0:00 Governor Signs Amended Thruway “Playing Fields” Bill   By Tom McDermott   The Rye community’s long quest for additional room for playing fields took […]

Published November 27, 2019 2:12 PM
2 min read


Governor Signs Amended Thruway “Playing Fields” Bill


By Tom McDermott


The Rye community’s long quest for additional room for playing fields took an important step towards fruition November 21 when Governor Cuomo signed an amended bill (A8339) allowing Rye Country Day School to purchase Thruway-owned land on Boston Post Road across from its campus. The bill requires the school to “make the athletic field and track [and any recreational buildings that may be constructed] available for rental to public recreation groups for no less than 29 percent of usable hours each calendar year.”


Assemblyman Steve Otis, who drafted the bill — “the culmination of four years of work” — said, “This new law is a big win for Rye recreation groups, including Rye Youth Soccer, Rye Youth Lacrosse, Rye Rangers Hockey Club, and Rye Recreation, current users of the school’s existing facilities who will benefit from the new field, track, and expanded recreation space.”

The next step, according to Andrea Sullivan, Rye Country Day School board president, is for the Thruway Authority to arrange for a new appraisal, since the original one – $7.4 million – performed when the City was considering a purchase, has expired.


While the bill calls for a minimum of 29 percent of available time to be shared, the actual percentage will be higher if measured using afterschool hours and weekends, rather than the entire school day, as the base, noted Sullivan. Afterschool use is currently split 50/50. Fields are available for half of Saturday and all-day Sunday.

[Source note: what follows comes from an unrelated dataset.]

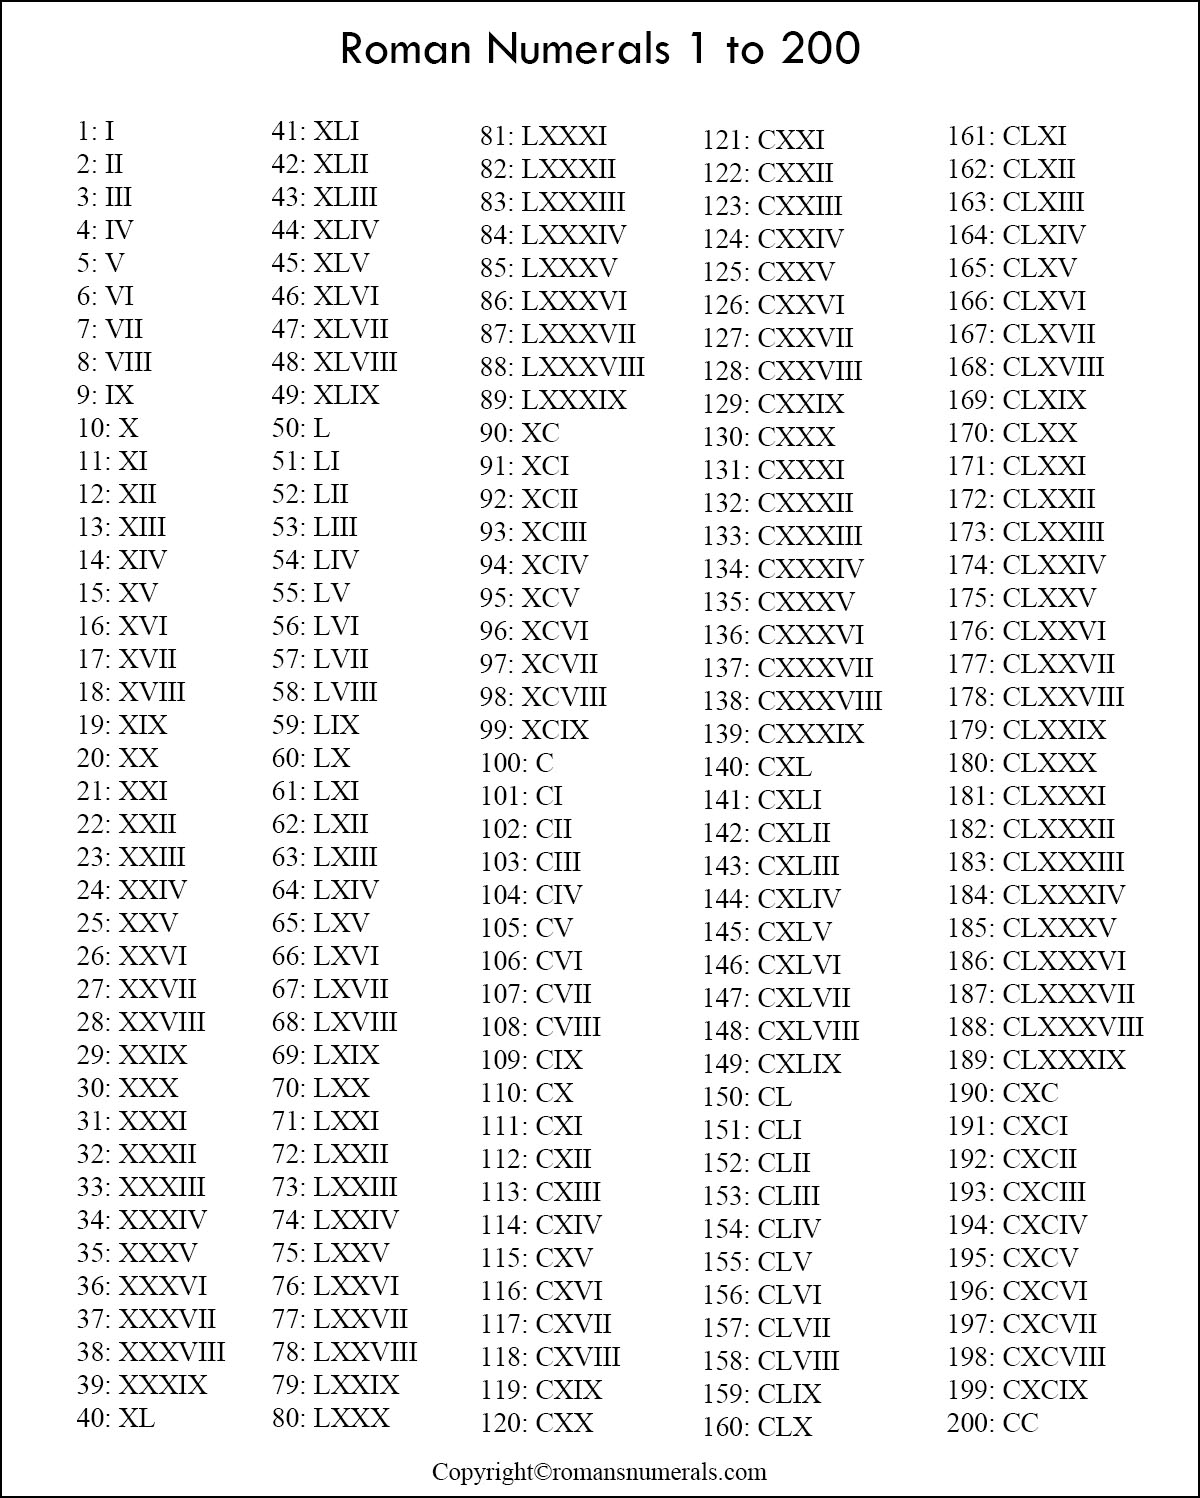 Printable Roman Numerals 1 to 200 | Roman Numerals Pro

The signed bill was supported by Assemblyman Otis and State Senator Shelley B. Mayer. It amends a previous bill, signed in 2017, that included a requirement that Rye Country Day enter into a shared use agreement with the City of Rye as a condition of purchasing the land.

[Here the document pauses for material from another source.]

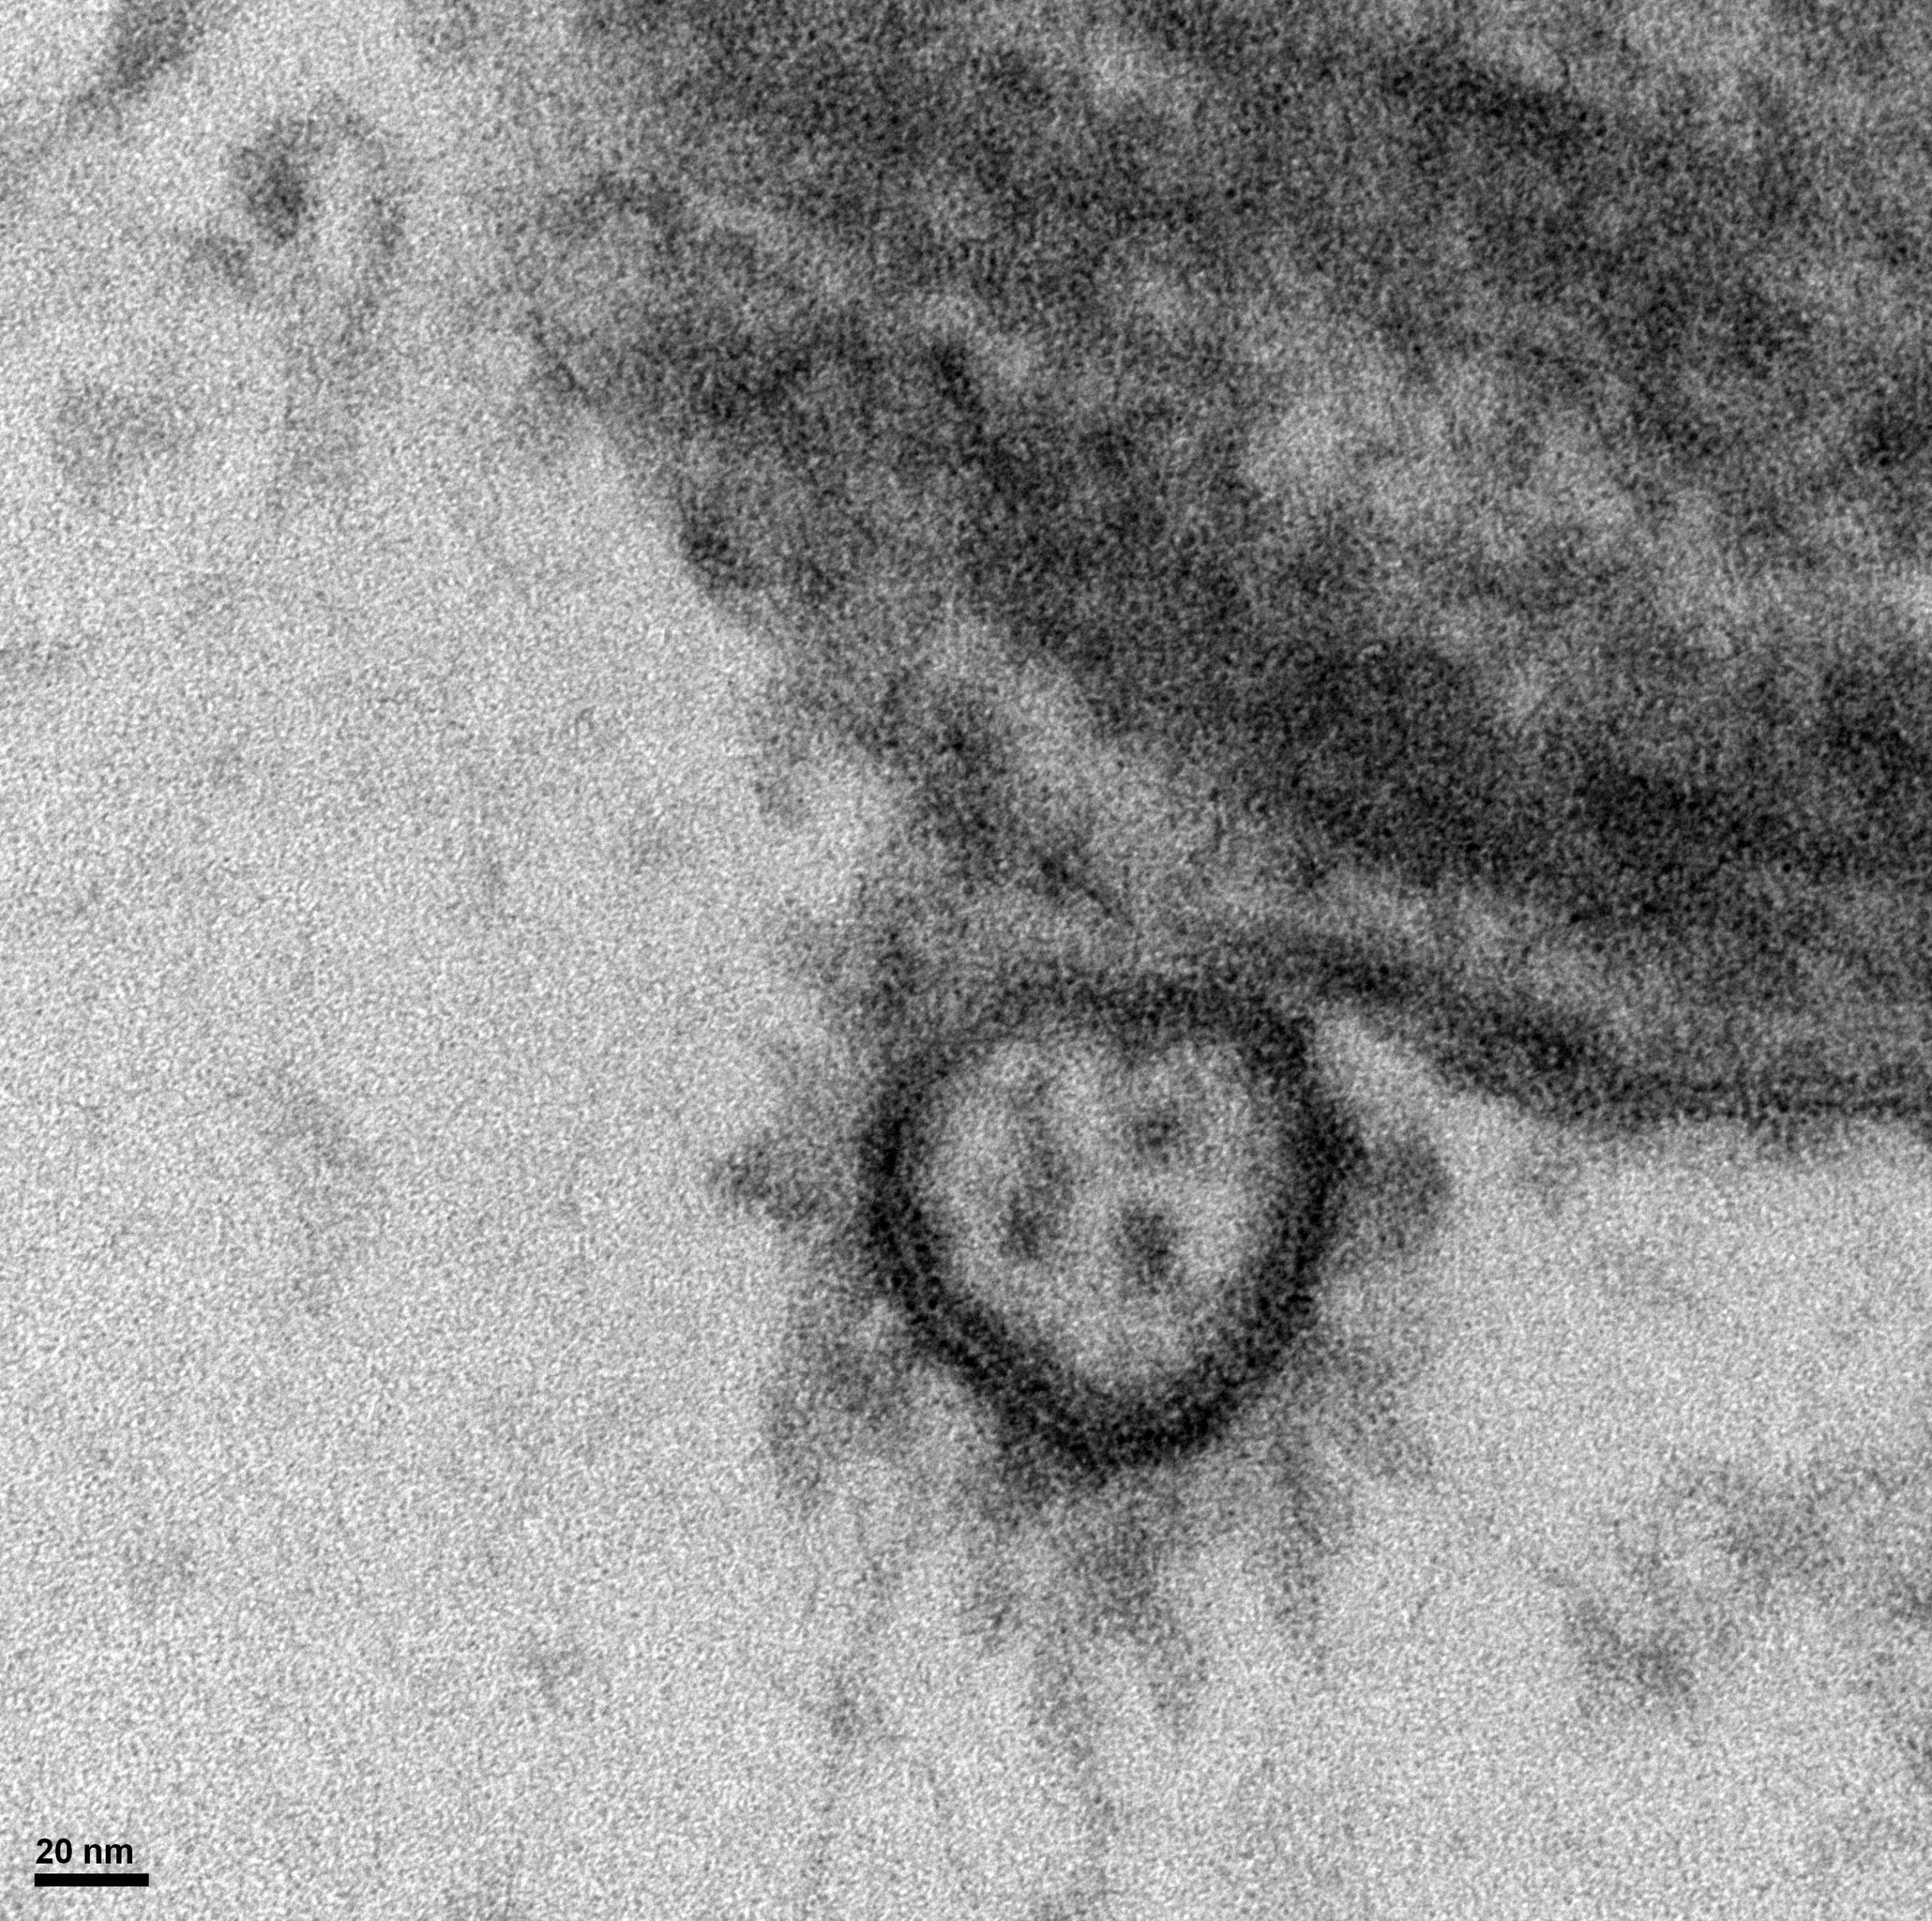 Un virus créé en laboratoire, vraiment ?

Both versions of the bill, and Otis’ action, were heavily criticized by two successive Rye City Councils and mayors. Most recently, Mayor Josh Cohn and other members of the current Council considered Otis, and by extension Mayer, to have been secretive about the new bill and to have damaged the City’s negotiating position with the school.


Otis contended that he and Mayer wanted to have a backup plan in the event the City and Rye Country Day could not reach an agreement.


Asked for comment, Mayor Cohn said, I am disappointed. This allows Rye Country Day to buy public land without going through a public auction and without committing to benefit Rye residents. Now it is incumbent on Rye Country Day to show Rye residents how good a community member it can be — now and in the many years to come.”

Rye Country Day has estimated the cost of purchase and development of the Thruway property at $30 million.